Step-by-Step Coding Guide for Item Set: K0520B3. Nutritional Approaches: Feeding Tube - While a Resident

  1. Review of Medical Records

    • Start by thoroughly reviewing the resident's medical records to identify any documentation of feeding tube usage for nutrition during their stay, excluding the admission phase. Look for physician's orders, nutritional assessments, nursing care plans, and notes from dietitians or speech-language pathologists that detail the implementation and management of feeding tube nutrition.
  2. Understanding Definitions

    • Feeding Tube: A medical device used to provide nutrition directly to the stomach or intestine when oral intake is not adequate or possible.

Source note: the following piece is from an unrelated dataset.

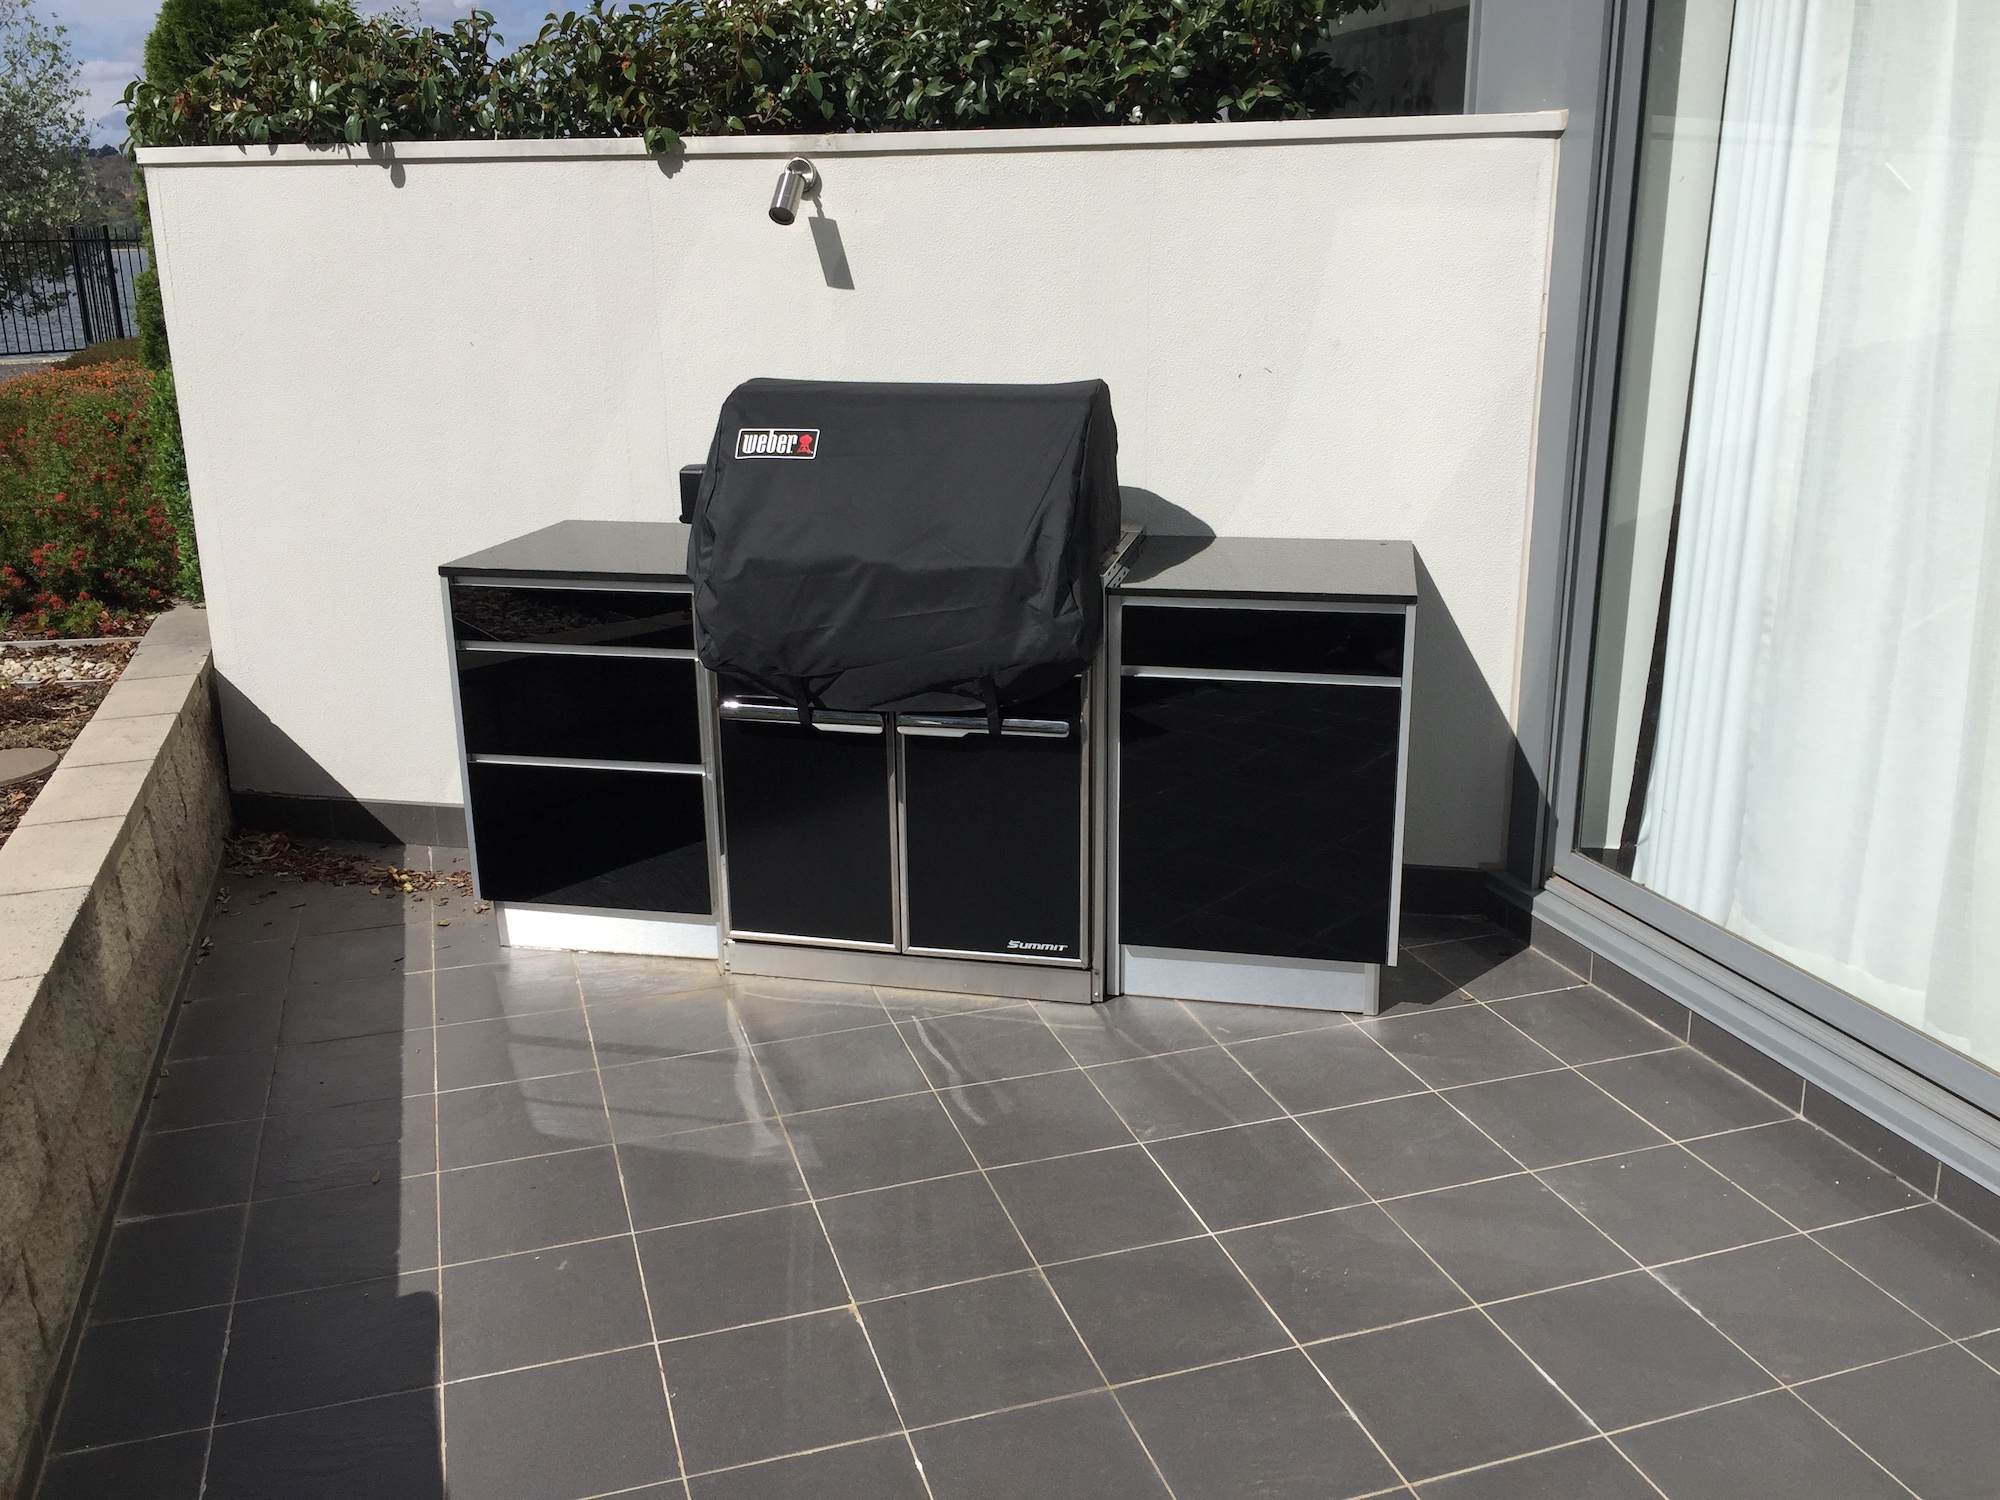 Full aluminium cabinets with 18mm black galaxy granite tops and 5mm tempered glass black doors, customer supplied their Weber Summit BBQ. Kingston, ACT

This includes nasogastric tubes, gastrostomy tubes (including PEG tubes), and jejunostomy tubes.
    • While a Resident: This category applies to residents who are currently using a feeding tube for nutrition or have used a feeding tube at any point during their stay in the facility, except during the initial admission phase.
  3. Coding Instructions

    • Code 0: No - If the resident has never used a feeding tube for nutrition while at the facility, or if the use was only during the admission phase.
    • Code 1: Yes - If the resident is currently using a feeding tube for nutrition or has used one at any point during their stay in the facility, after the admission phase.
    • Base your coding on documented evidence of feeding tube usage for nutritional purposes during the resident's stay.
  4. Coding Tips

    • Confirm the type of feeding tube used and the specific nutritional formula or regimen provided through the tube, as this information may be relevant for accurate coding and care planning.
    • Collaborate with the interdisciplinary team to gather comprehensive information on the initiation, maintenance, and any discontinuation of feeding tube nutrition.
  5. Documentation

    • Accurately document the coding decision in the MDS. In the resident's medical record, include detailed notes on the feeding tube usage, such as the type of tube, start and end dates (if applicable), nutritional formula provided, and any related clinical observations or adjustments to the regimen.
    • Ensure that the care plan reflects the current status of feeding tube nutrition, including goals, monitoring strategies, and any interventions aimed at transitioning the resident to oral feeding if appropriate.
  6. Common Errors to Avoid

    • Coding a resident as using a feeding tube "While a Resident" without verifying that its use extends beyond the admission phase or is current at the time of the MDS assessment.
    • Failing to update the resident's medical records and the MDS if the feeding tube is discontinued or if there are significant changes to the nutritional approach.
  7. Practical Application

    • Example: Mr. Allen has been a resident for six months following a severe stroke. Due to dysphagia, he was started on a PEG tube feeding regimen one month after his admission. His care team closely monitors his nutritional status, adjusts his feeding formula as needed, and regularly evaluates his potential for oral feeding rehabilitation. For K0520B3, Mr. Allen is coded as "1" for Yes, indicating that he has been using a feeding tube for nutrition while a resident, beyond the initial admission phase. His care plan includes detailed information on his feeding regimen, ongoing assessments of his swallowing ability, and targeted interventions to support his nutritional health and potential recovery of oral feeding.

 

 

 

The Step-by-Step Coding Guide for item K0520B3 in MDS 3.0 Section K is based on the Long-Term Care Facility Resident Assessment Instrument 3.0 User’s Manual, Version 1.18.11, dated October 2023. Healthcare guidelines, policies, and regulations can undergo frequent updates. Therefore, healthcare professionals must ensure they are referencing the most current version of the MDS 3.0 manual. This guide aims to assist with understanding and applying the coding procedures as outlined in the referenced manual version. However, in cases where there are updates or changes to the manual after the mentioned date, users should refer to the latest version of the manual for the most accurate and up-to-date information. The guide should not substitute for professional judgment and the consultation of the latest regulatory guidelines in the healthcare field.